The board and the membership shall be invited to submit names for inclusion
in the pool of candidates. At least ten days before the meeting at which
the board will consider the committee's slate of candidates for election
to the board, the board nominations committee shall send a report to all
directors containing the names and qualifications of candidates.
Section 5.
a. The officer nominations committee shall not be considered a standing
committee. It shall consist of a chair and four members. The committee shall
choose one of its members to chair the committee. The responsibility of
the committee shall be to recommend a slate of officers to the board.
b. At the second meeting of the calendar year, the board shall vote in a
secret ballot on the officer nominees slated by the officer nominations
committee and on nominations from the floor, if any.
Section 6. The board of directors may designate any committee composed
of any number of directors for any purpose it deems necessary. A majority
vote of the board shall be required for the formation of such a committee.

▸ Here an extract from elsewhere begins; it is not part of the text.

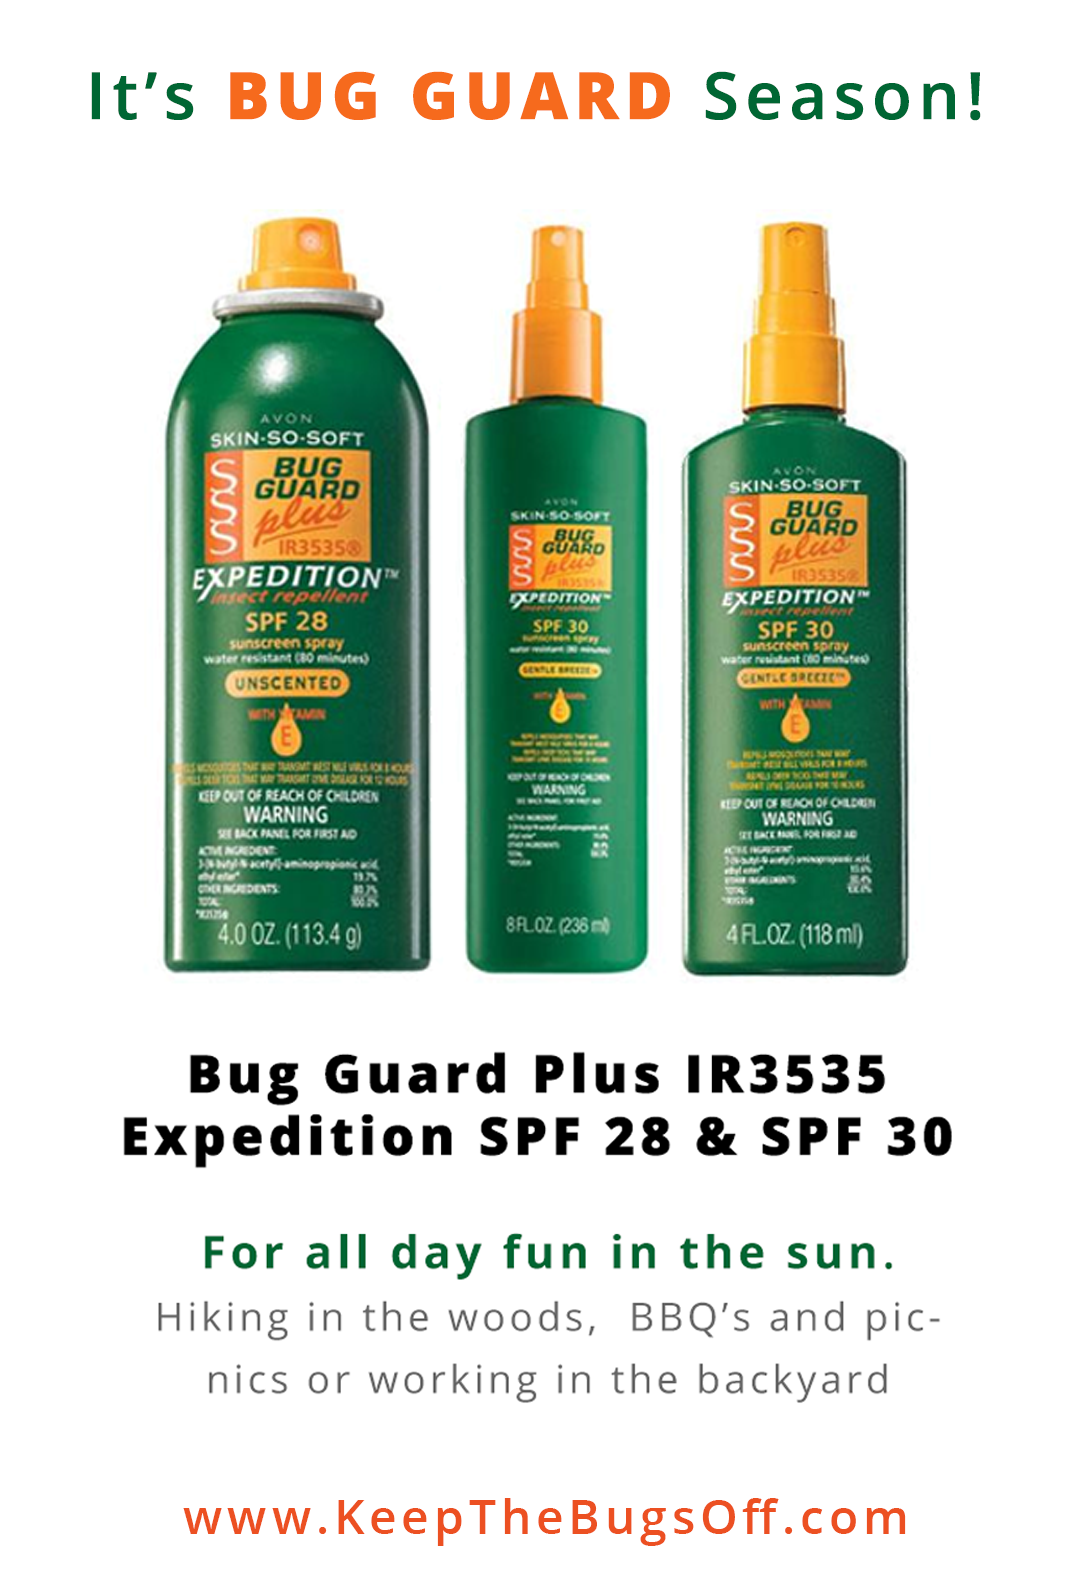 choosing your avon bug guard is easy use skin so soft bug guard
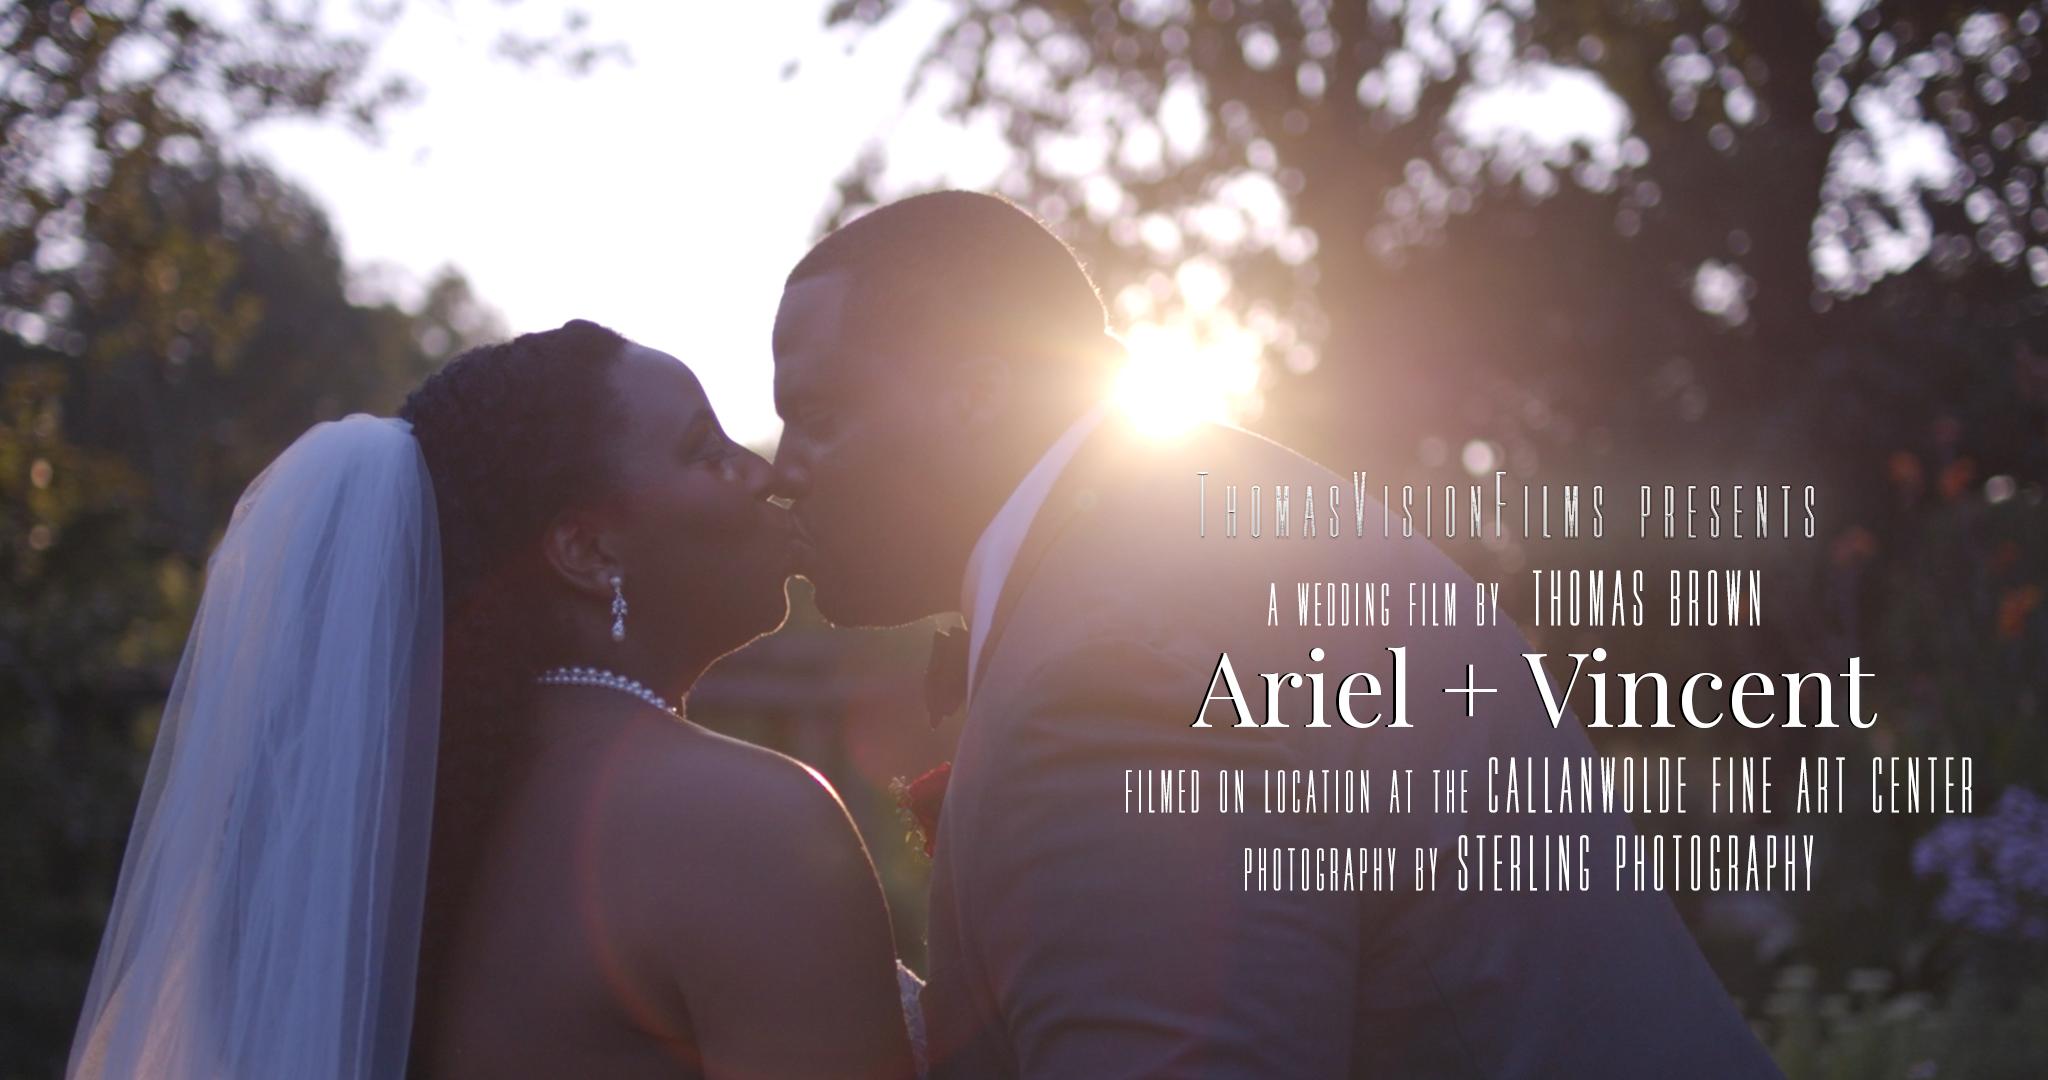 Ariel + Vincent Vimeo Thumb.jpg

The board chair shall appoint the chairs and members of such ad hoc
committees.
ARTICLE IX
EXECUTIVE DIRECTOR
Section 1. The board shall employ an executive director to manage
operations and supervise staff and volunteers in accordance with policies
approved by the board.
Section 2. The executive director or the executive director's designee may
attend meetings of the board and its committees.
ARTICLE X
INDEMNIFICATION
Section 1. The corporation shall indemnify every person who is or
has been a Director or officer of the corporation and such persons' heirs
and legal representatives where such person is a party or is threatened
with being a party to any threatened, pending, or completed action, suit,
or proceeding, whether civil, criminal, administrative or investigative,
including all appeals, by reason of the fact that such person is or was
a Director or officer of the corporation, or is or was serving at the request
of the corporation in any capacity for any other business organization,
against expenses (including attorneys' fees), judgement, decrees, fines,
penalties and amounts paid in settlement actually and reasonably incurred
by such person in connection with such action, suit, or proceeding, if such
person acted in good faith and in a manner he/she reasonably believed to
be in or not opposes to the best interests of the corporation, and with
respect to any criminal action or proceeding, had no reasonable cause to
believe his/her conduct was unlawful. The termination of any action, suit
or proceeding by judgement, order, settlement, conviction or upon plea of
nolo contendere or its equivalent, shall not of itself create a presumption
that the person did not act in good faith or in a manner which he/she reasonably
believed to be in or not opposed to the best interests of the corporation
or, with respect to any criminal action, suit or proceeding, that he/she
had reasonable cause to believe that his/her conduct was unlawful. The foregoing
right of indemnification shall be in addition to all rights to which any
such Director or officer may be entitled as a matter of law.
ARTICLE XI
PROCEDURAL REQUIREMENTS
Section 1. NRI shall have a policy regarding conflicts, or apparent
conflicts, of interest in affairs conducted by the board and staff. This
policy will be observed, and its observation will be duly recorded in the
minutes of meetings, where applicable.
Section 2. NRI's fiscal year shall be October 1 through September
30.
Section 3. The rules presented in the most recent edition of Robert's
Rules of Order Newly Revised shall govern the proceedings of the board
in all cases to which they are applicable and which are not otherwise covered
by actions of the board or the bylaws.
Section 4.
a. Bylaws may be amended or replaced and new bylaws may be adopted by the
board at any regular meeting of the board. An amendment, revision, or repeal
must be approved by two-thirds of the directors present.
b. Proposed changes in the bylaws shall be circulated to all directors at
least ten days in advance of the meeting where such proposed changes will
be considered and voted on by the board.